Search code examples
c#json.netjsonpathjsonreaderjpath

JsonPath with JsonTextReader: Token at a Time


I am having an issue with JsonPath working differently when loading token (.Load) at a time using JsonTextReader versus loading the entire JSON using ReadFrom. Here is an example: JSON: Path="[*].person" Method=SelectTokens(path)

 [
  {
    "person": {
      "personid": 123456
    }
  },
  {
    "person": {
      "personid": 798
    }
  }
]

When using .ReadFrom, it'll return the proper 2 elements. If I use .Load though, it'll return 0 elements.
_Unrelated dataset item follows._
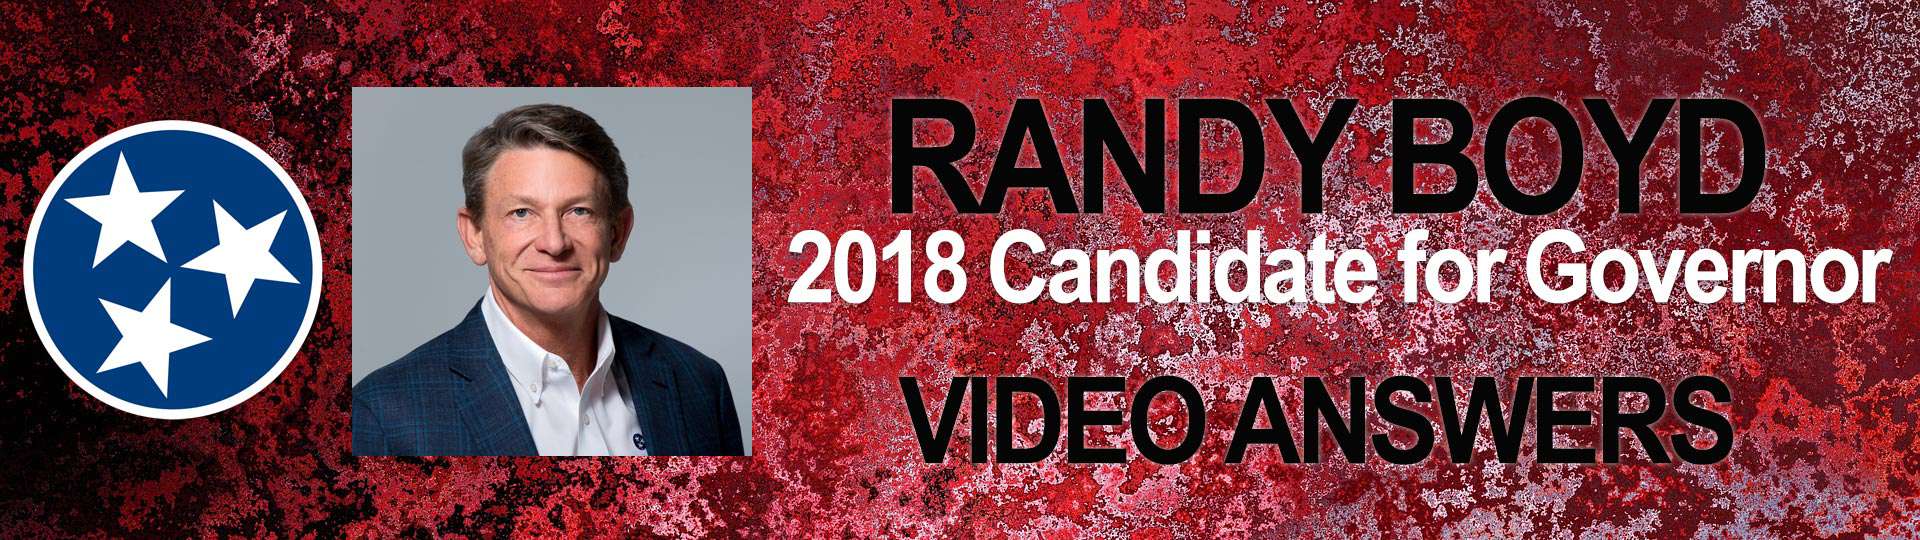 Randy Boyd, 2018 candidate for Tennessee governor
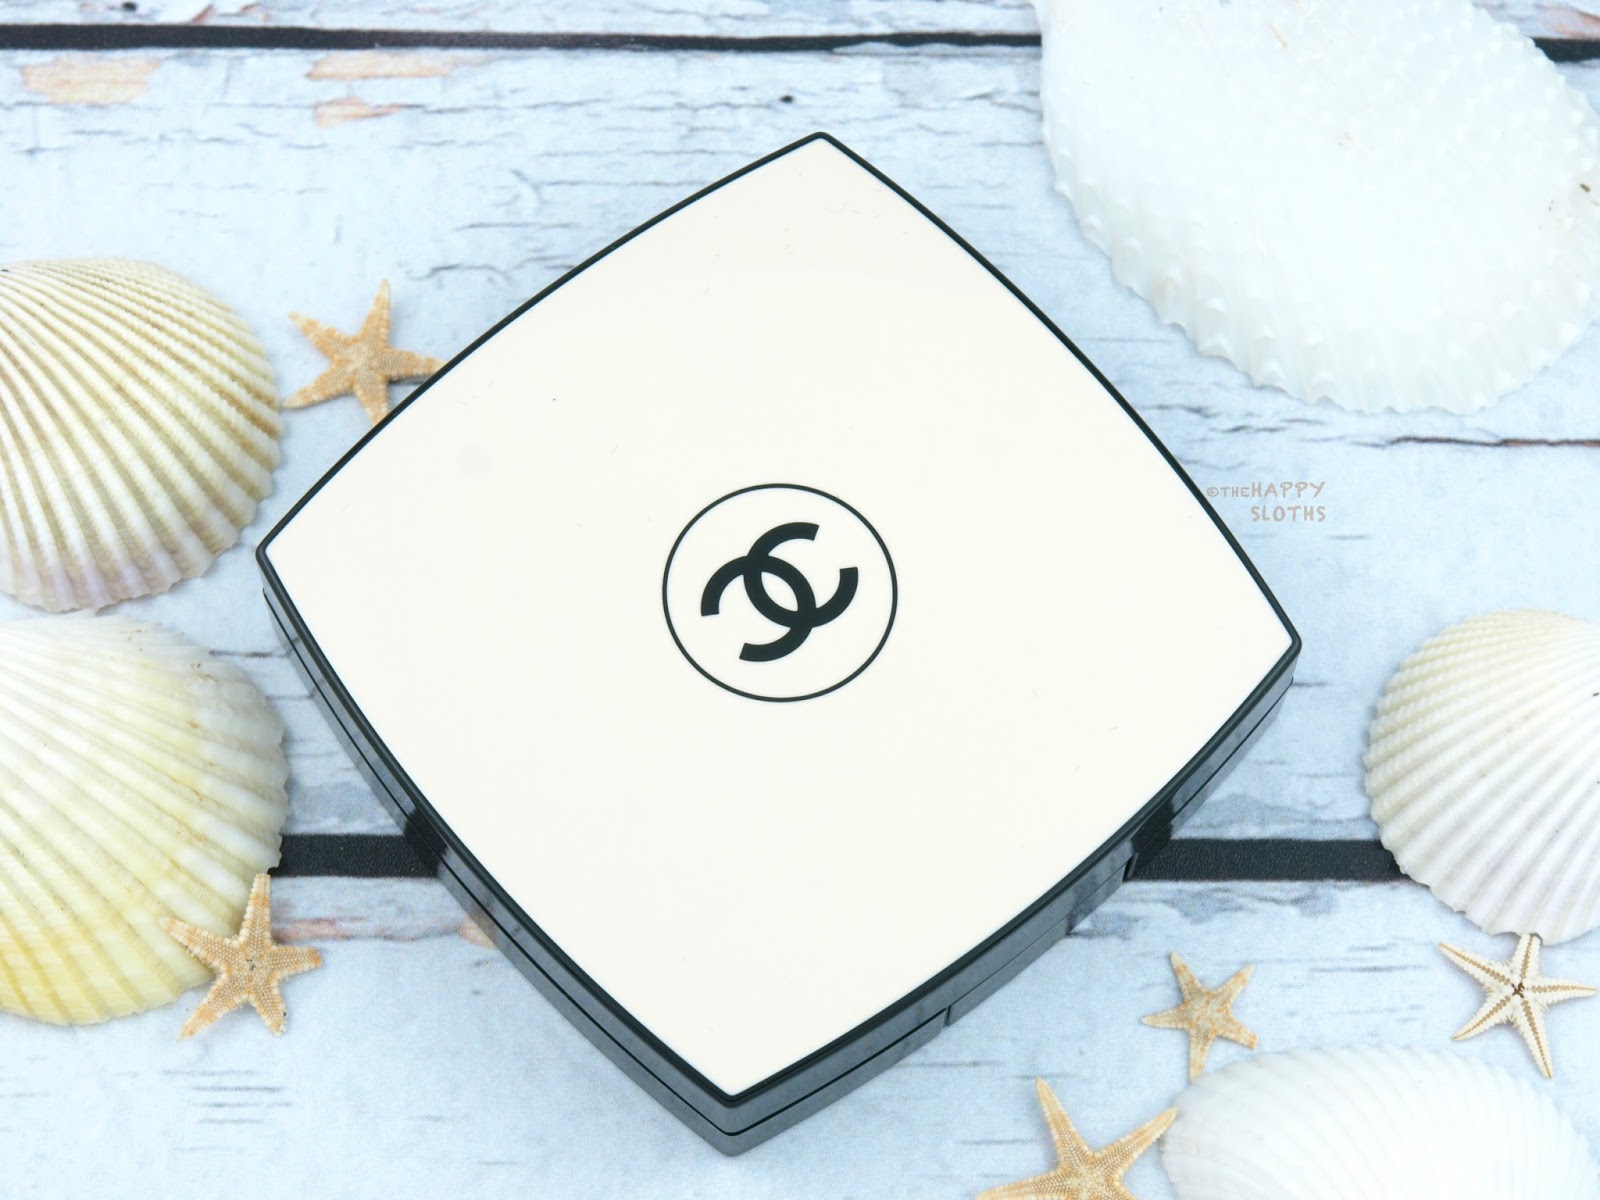 Chanel Summer 2017 Cruise Collection Les Beiges Poudre Belle Mine Ensoleillee in "Light": Review and Swatches

However, if I change the path to "person", .ReadFrom returns 0 elements while .Load returns 2 elements.

As a fix, I could change the path so that it'll remove up to the first "." i.e. path = substring(path.index(".")+1); however, this feels more of a hack than a proper fix. I would, of course, also need to ensure that the JSON is an array, but in most of my cases, it would be.

So finally, I am trying to learn how to use JSON Path with arrays when loading a token at a time. Any recommendations?

Full Code

Full JSON


Solution

  • What is happening in the code you have linked to is it reads tokens until it encounters an object, it then loads the a JToken from this object, which reads ahead to the end of this object. So what you end up with is a JToken per item in the root array. You can then for each JToken call:

    token.SelectTokens("person").OfType<JObject>()
    

    cause you know the property contains an object.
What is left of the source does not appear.